The treatment options for the deadliest form of skin cancer had remained stagnant for the past 20 years, but the recent addition of two new therapies has significantly changed the market dynamics of this therapeutic class.
According to the National Cancer Institute, each year over two million patients are diagnosed with skin cancer, which is the most common type of cancer. Of the three types of skin cancer (basel cell carcinoma, squamous cell carcinoma, and malignant melanoma), malignant melanoma is the least common but also the most deadly. About two-thirds of skin cancer deaths are among patients with malignant melanoma, and that number may only get higher as melanoma incidence rates have been increasing for at least 30 years. Since 2004, incidence rates among Caucasian patients have increased by almost three percent each year. From March 2010 to March 2012, the number of patients being treated for melanoma increased almost 52 percent (Figure 1).
Melanoma is cancer of the melanocyte cells, i.e., those that produce pigment. For early-stage melanoma, initial treatment—and sometimes the only treatment necessary—is surgery to remove the tumor. If the tumor is thick or the melanoma has metastasized, the disease is more severe and requires further treatment. Like most malignancies, the outcome of melanoma depends largely on the stage of diagnosis.
Until recently, oncologists had limited treatment options for advanced melanoma. In fact, the most commonly used therapies were over 20 years old. But in 2011, the Food and Drug Administration (FDA) approved two new therapies for metastasized melanoma. The introduction of these therapies represents more launches in this therapeutic class than have happened in the last two decades.
In March 2011, Bristol-Myers Squibb’s Yervoy (ipilimumab) was approved for the treatment of melanoma that cannot be surgically removed or has metastasized. The drug stimulates the immune system to attack melanoma cells. In August 2011, Zelboraf (vermurafenib) from Genentech/Daiichi-Sankyo was approved for treatment of metastatic melanoma with the BRAFv600E mutation.
With the addition of these new options, the selection of initial therapy in patients with advanced melanoma now requires a greater understanding of the mechanisms of their disease. As researchers gained a better understanding of the underlying biology of malignancies, it was found that BRAF (v-raf murine sarcoma viral oncogene homolog B1) was associated with various cancers, including non- Hodgkin’s lymphoma, colorectal cancer, malignant melanoma, thyroid carcinoma, non-small cCell lung carcinoma, and adenocarcinoma of the lung. In order for patients to receive Zelboraf they need a diagnostic test confirming their BRAF mutation and the use of this diagnostic test has continued to steadily increase over the past year (Figure 2). Yervoy, an immunotherapy, can be given to patients with or without the BRAF mutation.
With the recent launches of these two products, the melanoma landscape is beginning to look very different. New treatment usage is increasing as older regimen use is declining (Figure 3). Physicians have embraced the newer treatment options since their introduction. In March 2012, one year after the launch of Yervoy, metastatic melanoma patients on newer regimens outpaced those on older regimens by a ratio of four-to-one.
Addressing which therapy should be first administered is a conundrum for oncologists given each therapy’s distinct and different mechanisms of action. The speed of response needs to be considered when selecting initial therapy. The immunotherapy ipilimumab can take many weeks or months before a patient has a notable response, whereas the BRAF inhibitor Zelboraf begins working almost instantaneously. The majority of patients who receive Zelboraf, however, will require a second therapy for their metastatic melanoma.
Sequencing the newer treatments appears to be the logical approach, but not all patients are candidates for Zelboraf. Oncologists are also unsure of what treatment to give patients who lack a BRAF mutation after they have progressed on ipilimumab.

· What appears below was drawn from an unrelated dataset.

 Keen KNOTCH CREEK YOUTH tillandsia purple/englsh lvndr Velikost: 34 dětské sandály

To date, there are no head-to-head trials evaluating vemurafenib and ipilimumab.
Knowing who the right patient subtypes are within this segment is critical in understanding market dynamics for this therapeutic class, while how patients are selected for initial therapy has become more dependent on the patients’ underlying disease characteristics than ever before.

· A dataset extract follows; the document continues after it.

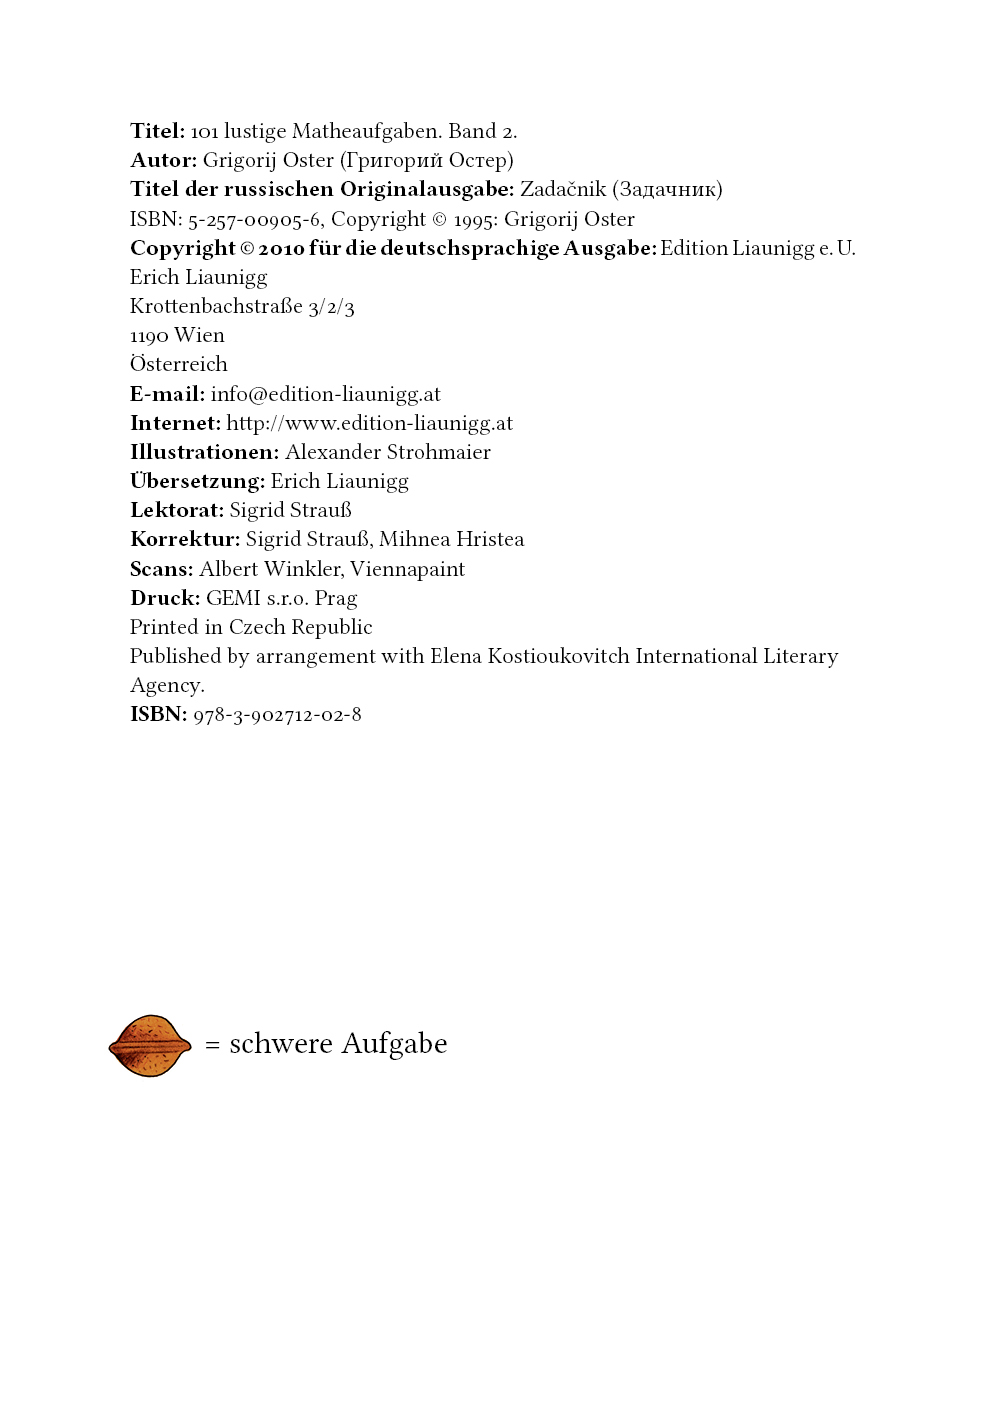 Matheaufgaben Bd. 2

Since melanoma is often initially treated surgically by dermatologists and surgeons, understanding the tumor biology and the associated genetics of melanoma has become more important than ever. The basics of tumor pathology need to be addressed, including the type of melanoma, the mitotic rate (i.e., how fast tumor cells are dividing), growth phase, tumor infiltrating lymphocytes, as well as incorporating the assessment for a BRAF mutation.

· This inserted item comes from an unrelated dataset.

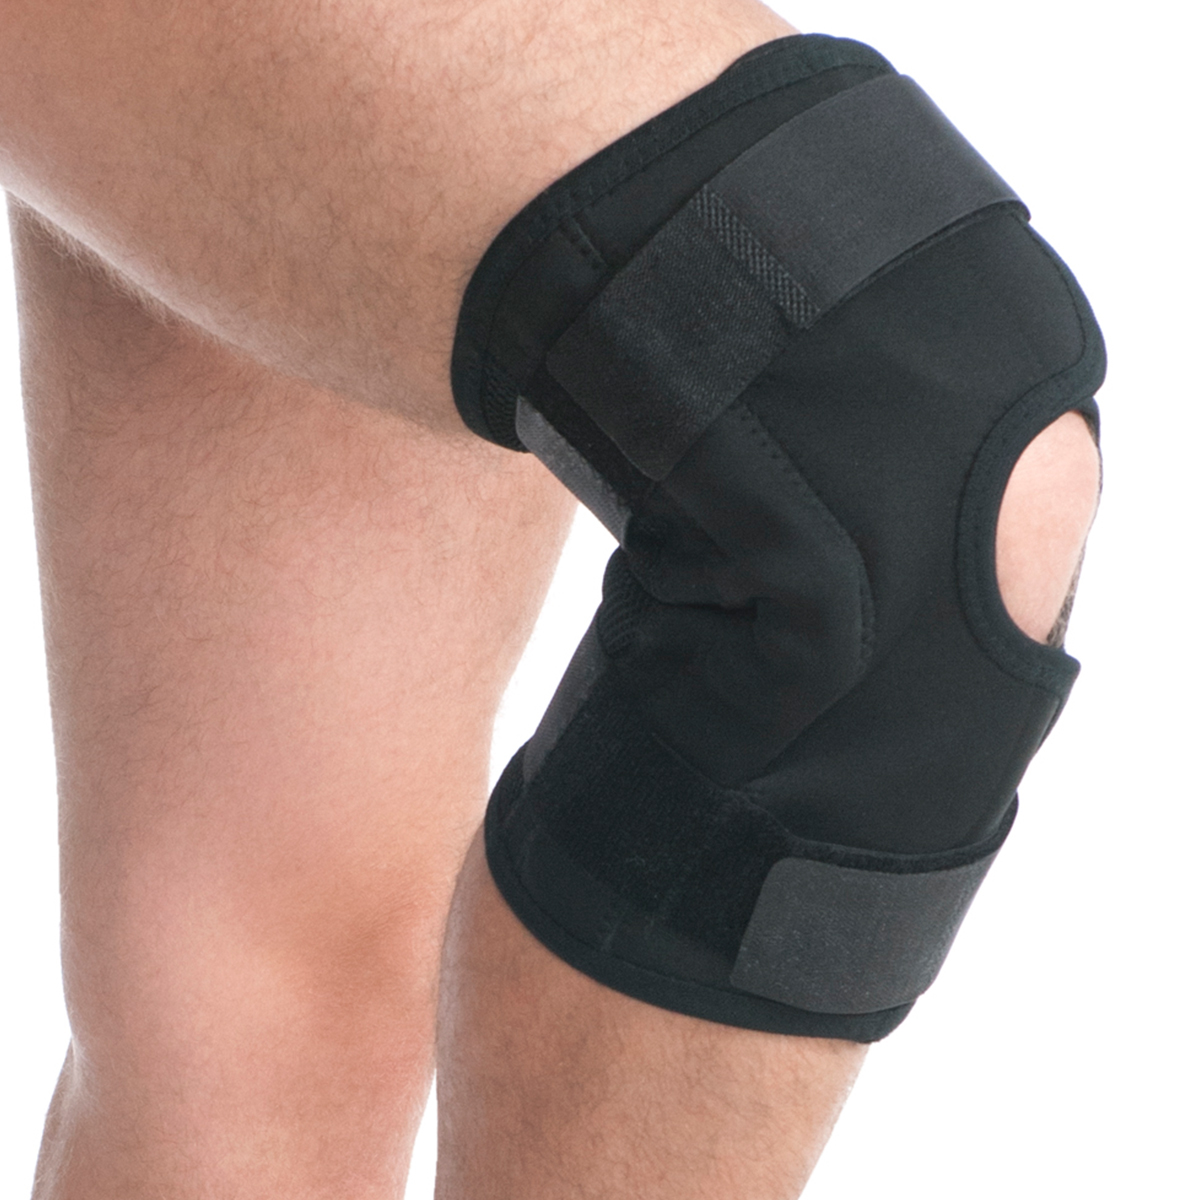 Pooperační ortéza kolenního kloubu černá, Medtextile, 6303

Understanding the interplay between the dermatologists who diagnose and the oncologists who treat patients with melanoma is critical. Brand teams need to be aware of which specialties are managing these patients and at what point specific local and targeted therapies are clinically appropriate for use.
These new melanoma treatments have significantly changed the market dynamics, including increased therapy options, the need for specialized testing, and more positive patient outcomes. The pipeline for melanoma therapies is robust and includes melanoma vaccines, next-generation BRAF inhibitors, MEK inhibitors and future immunotherapies. With these new developments being evaluated in in the near future.